Imagine that a radar is a classifier. A classifier that classifies a point in space and returns one of two verdicts: “aircraft” or “empty.”
Let’s assume that we work for the army and we are supposed to build a radar (a classifier) to detect those airplanes.
If we build a classifier which finds all airplanes and does not classify an empty point as an aircraft we have the following output.
It is a perfect classifier. Precision = 1, recall = 1 We have found all airplane and we have no false positives.
On the other hand, if we have an output which looks like this:
We have perfect precision once again. All points reported as an airplane are in fact airplanes. The only problem is a terrible recall. We have not found all airplanes. If those are enemy’s aircraft, we have a huge problem.
There is one more mistake we can make. Is a classifier good enough if it finds all airplanes, but also reports a lot of empty spots as airplanes?
We detected all enemy aircraft. The only problem is, we waste a lot of jet fuel because we scramble our fighter aircraft way too often and they chase a non-existing enemy.
What is more important? Precision or recall?
There are two correct answers to that question:
In the case of the radar, I assume we need to detect all airplanes, and we can accept some false positives.
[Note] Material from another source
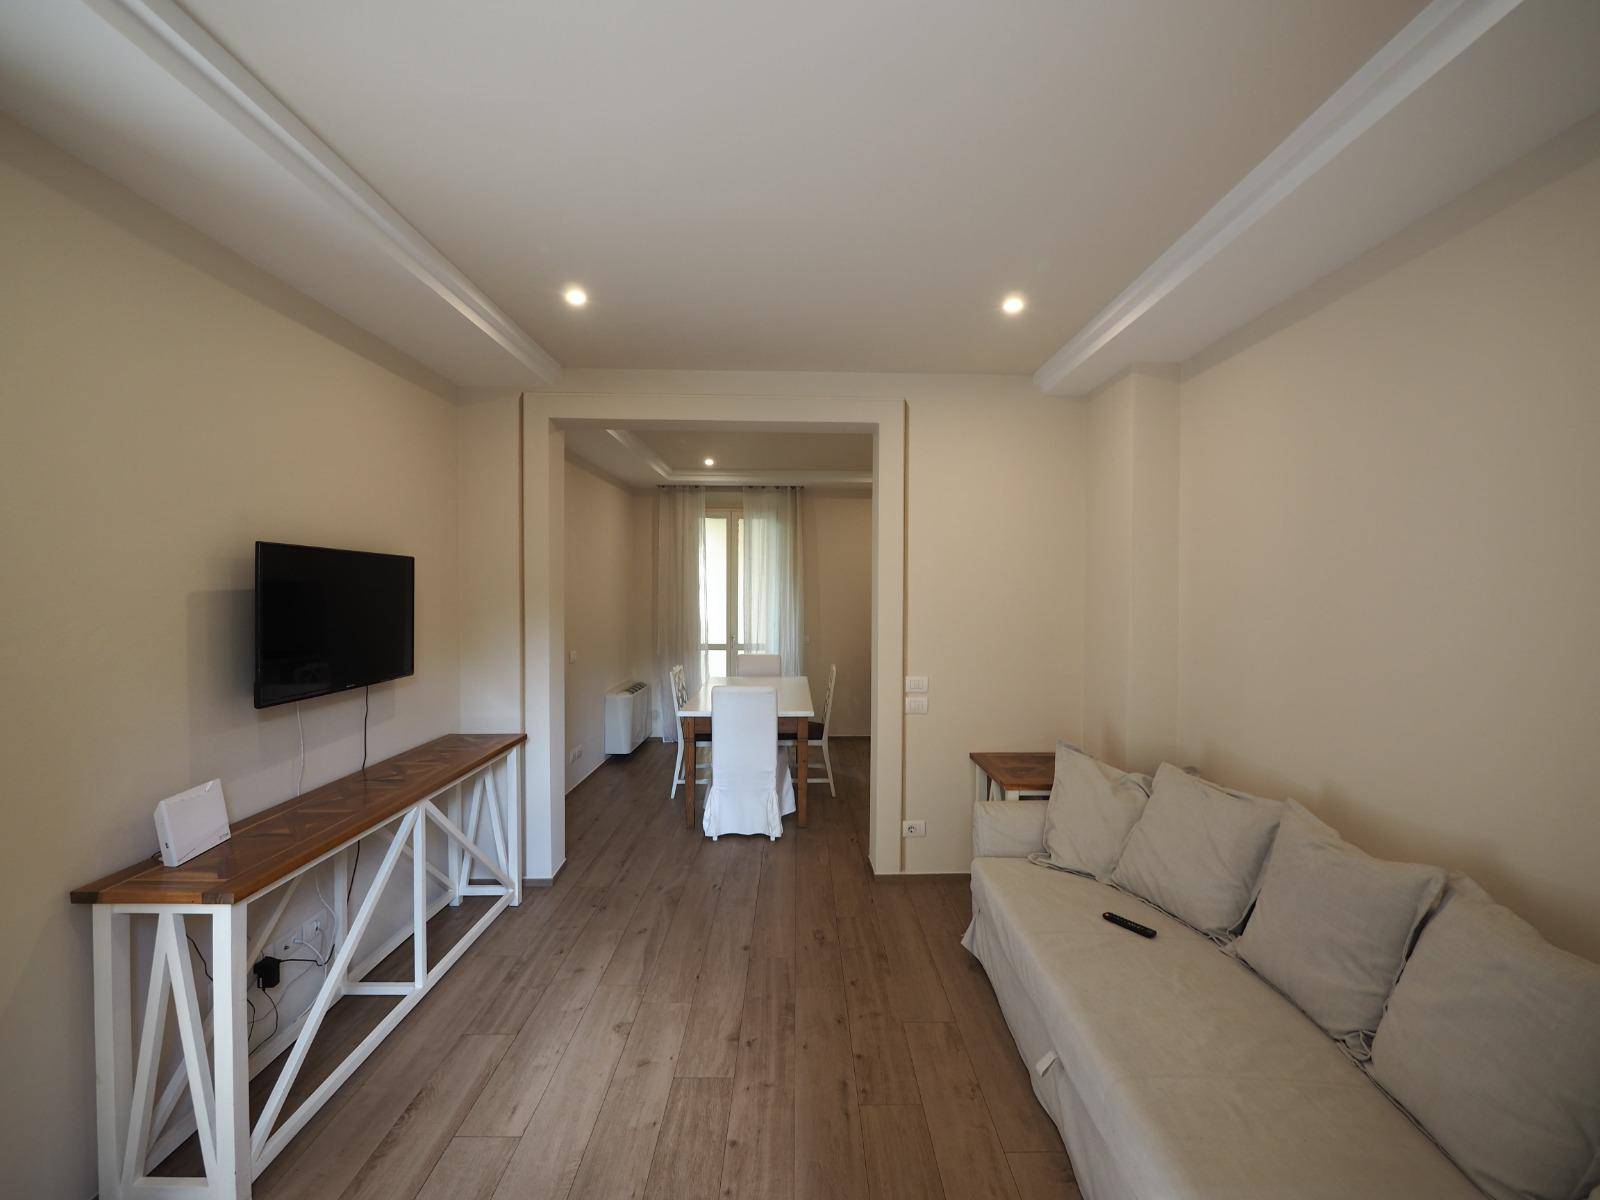 OBERDAN, FIRENZE, Apartment for rent of 80 Sq. mt., Heating Individual heating system, Energetic class: G, Epi: 175 kwh/m2 year, placed at Ground,

It is better to chase after a non-existing enemy than allow one of their aircraft to be not intercepted.
To prove that the tradeoff between precision and recall is, in fact, a business decision, let’s look at an example of a product that needs both precision and recall to be average.
What if we were developing a dating website? What if after registration your clients filled out a survey that you use to train a classifier. The classifier predicts whether another person is a good or bad match for that user. (Yes, I know. It is not the way such websites work. It doesn’t matter. I need an example ;) )
We don’t want a perfect precision. If we had such classifier, the user would see only a few results (the ideal matches), found Mr. or Ms. Right immediately and never went back to your page. We don’t want that.
We can’t have too good recall either because it is always a tradeoff. Having the perfect recall would most likely require allowing many false positives (terrible precision). If you display many irrelevant results, the user will be disappointed and will run away to your competition.
What we want is precision/recall that gives the user some hope, so they return to your page every day and use it for as long as possible. Now you also know why dating websites are scam ;)